Farjad Ali to the mother of the respondents/plaintiffs as a Mehr and the

original defendant no. 3 being her step son was not entitled to lay any

claim to the property.

2. The learned Advocate Mr. Kakade would submit that both

the courts below have not considered the fact that an opportunity of

leading evidence ought to have been extended to the appellants. Only

a certified copy of deposition of original defendant no. 3 - Salamtullah

was allowed to be admitted and it was read in evidence. It would have

been appropriate for the appellate court to have considered this aspect

and should have remanded the matter, giving an opportunity to the

appellants to lead the evidence. He submits that it has resulted in

2 SA / 619 / 2021

failure of justice. A substantial question of law commensurate with the

stand of the appellants regarding there being oral partition was not

considered and allowed to be established.

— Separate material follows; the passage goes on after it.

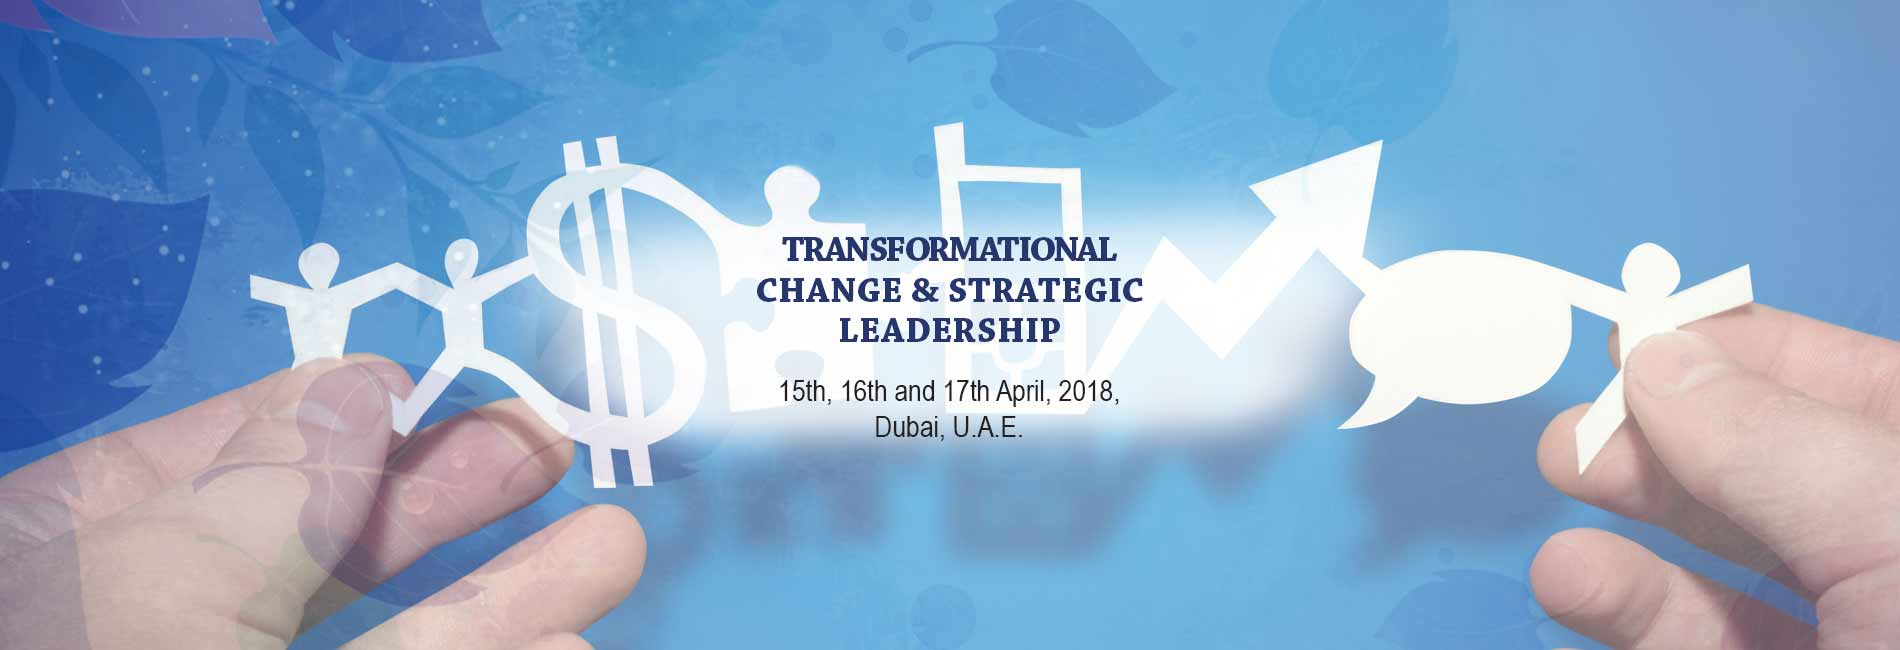 Transformational Change & Strategic Leadership

3. I have carefully considered the judgments of both the

courts.

4. As is mentioned earlier cursorily, the contesting

respondents filed a suit with a specific stand that the suit property was

owned by their father - Farjad Ali. It was given by him to their mother

as a Mehr. There is no dispute, rather the facts stand admitted that the

predecessor of the appellants - the original defendant no. 3 was the step

son of the mother of the original plaintiffs - respondents. In the process,

the trial court as also the first appellate court have considered the

survey record of the year 1957, wherein, a statement of the original

owner as also the mother of the respondents - plaintiffs was recorded

before recording her name to the suit property evidencing such fact of

the property having been given as a Mehr. Such long standing record

certainly carries a heavy evidentiary value and has been rightly referred

to and relied upon by both the courts below while concluding the source

of the title of respondents - plaintiffs' mother to the suit property.

5. Bearing in mind the fact that the parties are Mohammedan,

governed by Hanafi law, it would be a separate property of the mother of

the respondents - plaintiffs and the original defendant no.3 i.e. the

predecessor of the appellants being her step son, could not have laid

3 SA / 619 / 2021

any claim. All these facts, circumstances and evidence has been rightly

appreciated by the two courts below while drawing a plausible

conclusion on facts.

6. This being an appeal under section 100 of the Code of Civil

Procedure, there is very little room to cause any interference when such

findings are clearly based on the available evidence.

7. Apart from the above state-of-affairs, though the two courts

below have permitted the original defendant no. 3 to produce a certified

copy of his testimony recorded in some other proceeding and has read it

in evidence, without there being any opportunity to the respondent -

plaintiff to cross-examine him, still, in the net result, that error though

substantial, would not enure to the benefit of the appellants.

8. No substantial question of law arises in this second appeal.

It is dismissed in limine.

9. Civil Application no. 13774 of 2021 is disposed of.